NusA is an essential protein that binds to RNA polymerase (RNAP) and also to the nascent RNA, and influences transcription by inducing pausing and facilitating the process of transcription termination / antitermination. Its participation in Rho-dependent transcription termination has been perceived, but the molecular nature of this involvement is not known. We hypothesized that as both Rho and NusA are RNA-binding proteins and have the potential to target the same RNA, the latter is likely to influence the global pattern of the Rho-dependent termination. Analyses of the nascent RNA-binding properties and consequent effects on the Rho-dependent termination functions of specific NusA-RNA binding domain mutants revealed an existence of Rho-NusA direct competition for the overlapping nut (NusA-binding site) and rut (Rho-binding site) sites on the RNA. This leads to delayed entry of Rho at the rut site that inhibits the RNA release process of the latter. High density tiling micro-array profiles of these NusA mutants revealed that a significant number of genes, together with transcripts from intergenic regions are up-regulated.
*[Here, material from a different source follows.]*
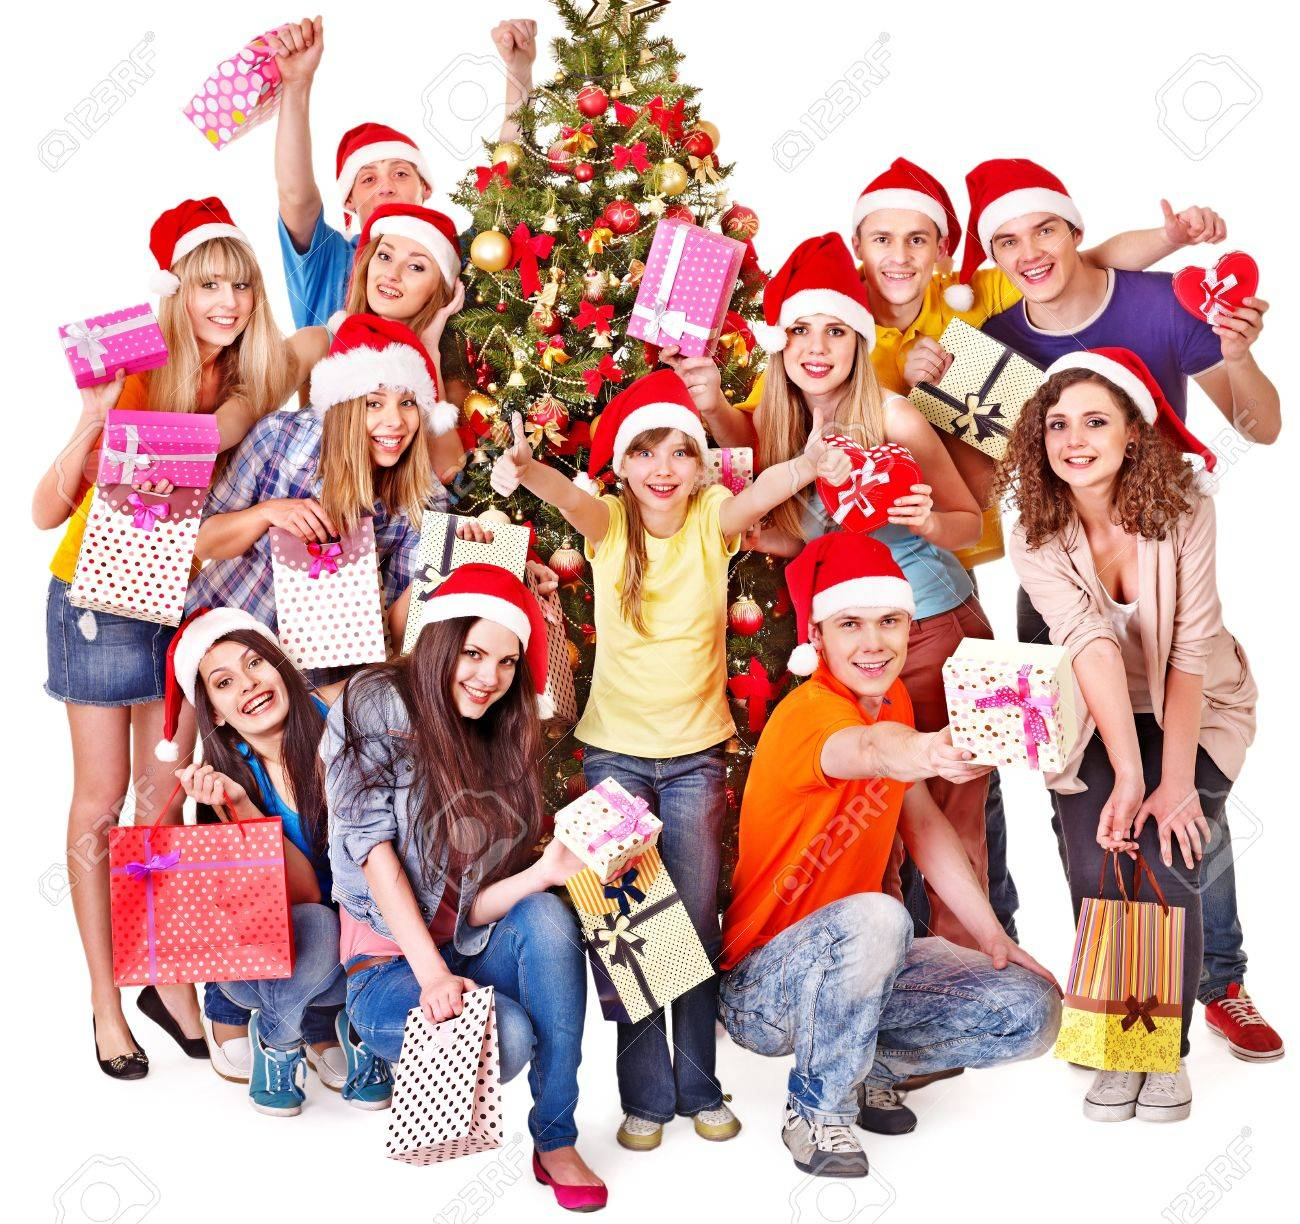 Group people and  Santa holding gift box near  Christmas tree. Stock Photo - 16610339

Interestingly, majority of these genes were also up-regulated when the Rho function was compromised. These are strong evidences for the existence of NusA-binding sites in different operons which are also the targets of Rho-dependent terminations. Our data strongly argue in favor of a direct competition between NusA and Rho for the access of specific sites on the nascent transcripts in different parts of the genome. We propose that this competition enables NusA to function as a global antagonist of the Rho function, which is unlike its role as a facilitator of hairpin-dependent termination.